According to 2018 data, 21.9% of Internet users around the world use a smart speaker at least once a month. With voice assistants available with the majority of smartphones, users rely on these devices for performing tasks and answering questions more and more. But what is it exactly that allows them to be smart?
Computers are very good at working with structured data. For example, they are much more apt in terms of speed and processing capacity to extract any duplicates from an Excel document of 10,000 rows than a human is. The task would take a human a good few hours and the final result would most likely contain a few errors, while a computer can perform this type of task very quickly – within seconds – and produce an error-free result.
Grasping the meaning of language
On the other hand, computers are not that great at working with non-standardised, unstructured data. This is because there are no standardised techniques allowing computers to process that sort of irregular data. As it happens, natural language – which is a human language, distinct from any artificially created languages such as programming languages – in both its spoken and written form is highly unstructured.
While humans do not find it particularly challenging to understand play on words, metaphors or read between the lines, machines are not very well-equipped to grasp such subtleties of human expression. To humans, it is obvious that when someone says “The show I saw was mind-blowing”, they do not really mean that their brain exploded after watching a show. With machines, there is a good chance of them interpreting such phrases in a rather literal way.
Natural Language Processing
This is where Natural Language Processing (NLP) comes in. NLP is a subdomain of Artificial Intelligence, sometimes also called computational linguistics, aiming to enable computers to not only understand but also process human languages; in other words, get them closer to the human level understanding of language.
NLP is all about picking out structured data from the otherwise unstructured forms of language expression, gathering it and assessing how much of it is necessary for computers to understand what the human meant to then act upon it. In simple terms, NLP is the study and development of computer systems that can interpret speech and text as humans naturally speak and write it.
It is, therefore, thanks to Natural Language Processing that chatbots, voice-activated devices such as smart speakers, smart assistants like Siri and Cortana as well as predictive word-suggestions exist.
It allows machines to discover patterns that they can then use to produce meaningful responses and adequate actions. For instance, it enables computers to analyse a question asked by a human to understand what data is required, then refer to the relevant source of information to obtain that data and finally, based on that information, tell a human what the weather is going to be the next day.

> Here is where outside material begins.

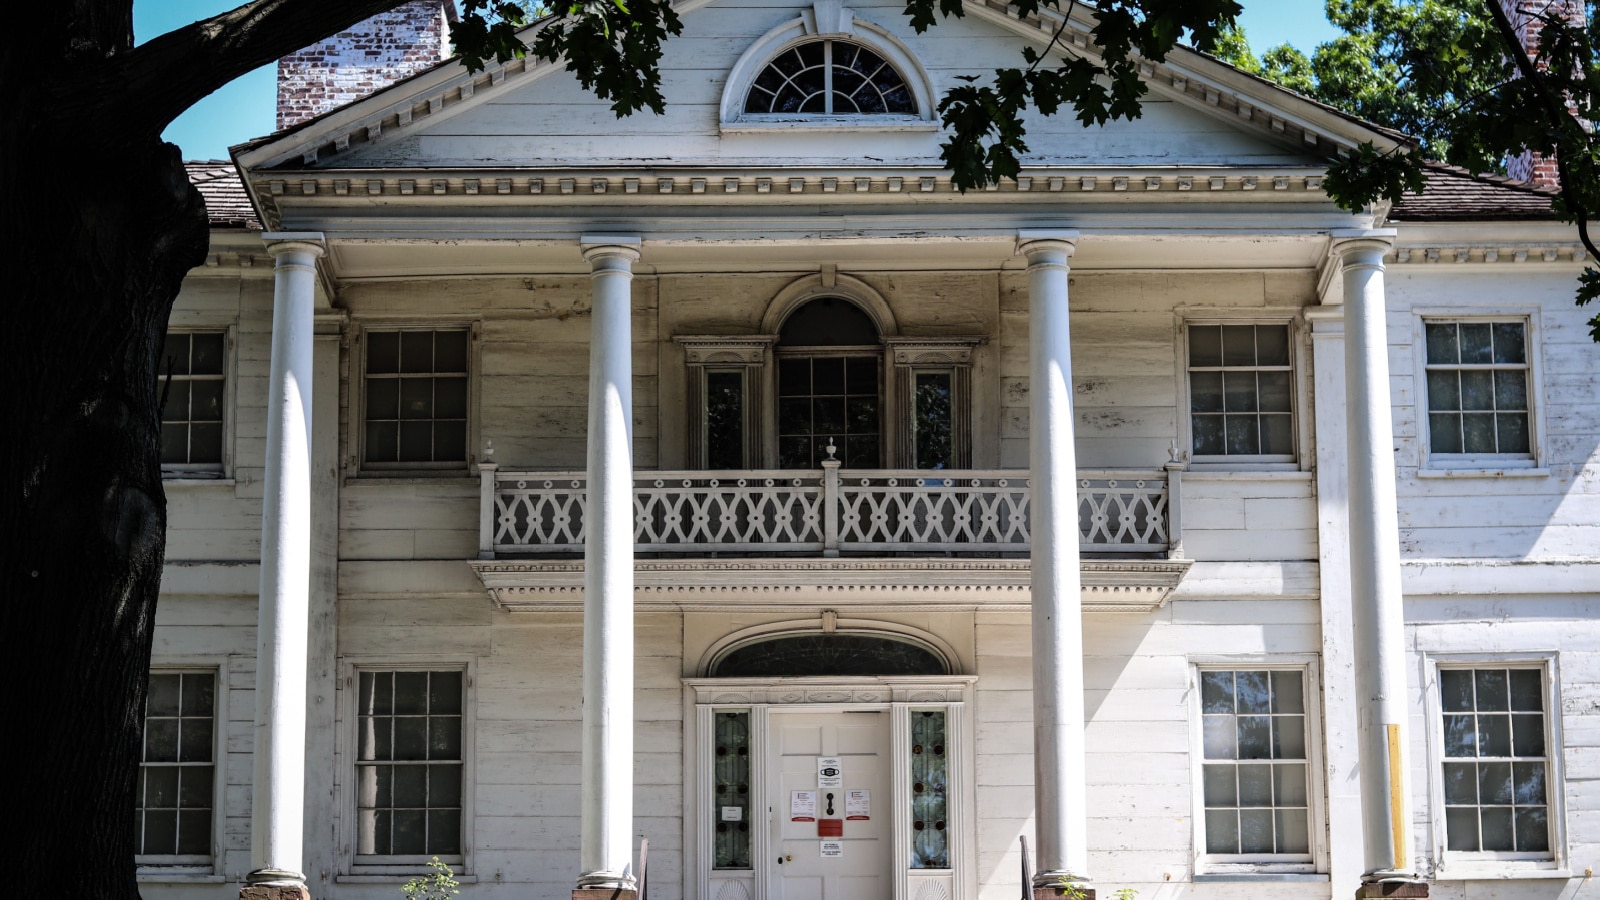 New York City, NY United States - June 30, 2022: The Morris-Jumel Mansion is a historic museum, home to Aaron Burr, war room to George Washington. A topic of ghost tours and paranormal investigations.
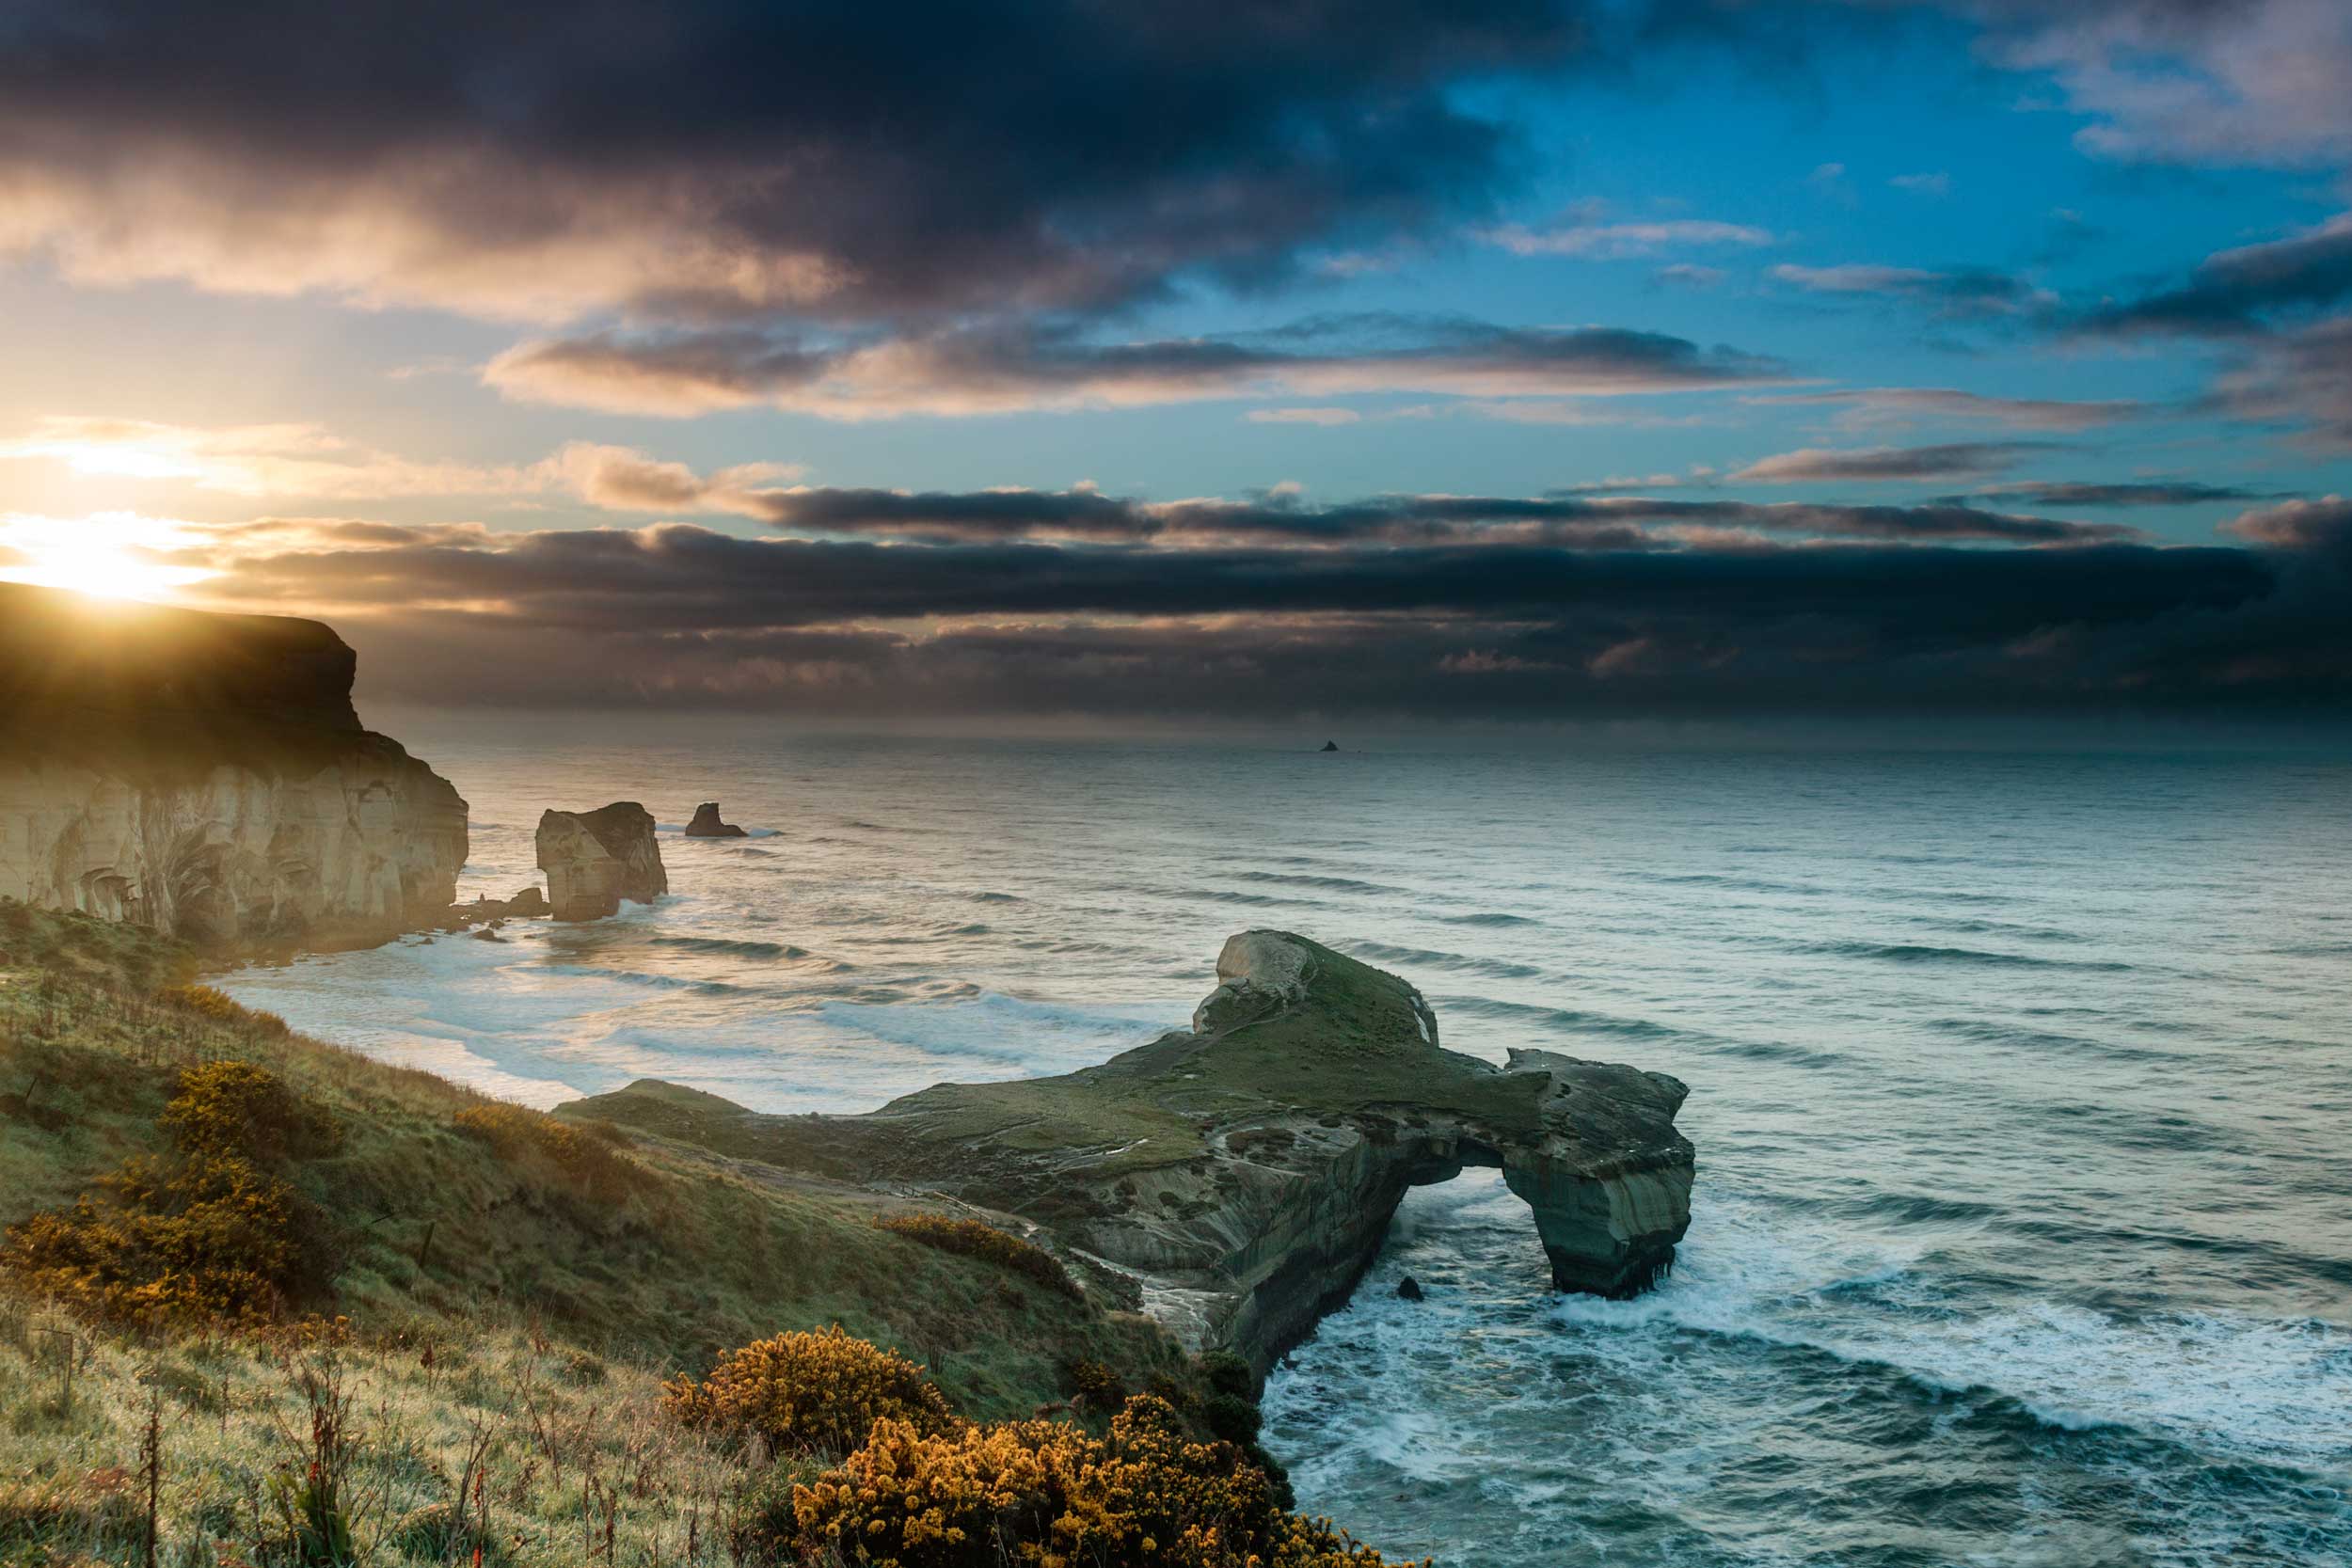 A promontory stretching out to sea with an archway at the end and the sun setting, New Zealand

We can go as far as saying that NLP has completely changed the way humans interact with computers.
Uses of NLP
We’re currently observing a growing number of Natural Language Processing techniques being applied to corporate areas. NLP is starting to be extensively used in banking, automotive, healthcare, customer service and fraud prevention. Its wide use across different sectors stems from the fact that, thanks to its ability to convert unstructured narratives into structured data, NLP can identify parties, purpose and also perform profiling analysis.
This allows automated voice services, which we encounter every day as we call our bank, our energy supplier, our Internet or TV provider, to redirect calls to relevant teams based on a few responses that the customer gives at the start of the call.
NLP is currently a booming area of study, with dedicated events, publications and communities. Combined with big data, Natural Language Processing is bound to play a key role in obtaining business intelligence from extensive raw business data. As NLP keeps on assisting humans in quickly getting the insights they need to make key decisions, we will see a shift taking place – companies will go from being data-driven to being intelligence-driven.
For individual users, advances in NLP will mean extended possibilities with which they can interact with their voice assistants, chatbots and predictive typing applications, the full extent of which nobody is able to fully predict.
These developments are amplified further by constant improvements in the machine translation area. As announced in August this year, Google Home now allows users to interact with the devices in different languages simultaneously, which means that barriers to adopting those devices are decreasing. Therefore, steadily increasing application of NLP will drive more investment into this field, allowing for its further advancements.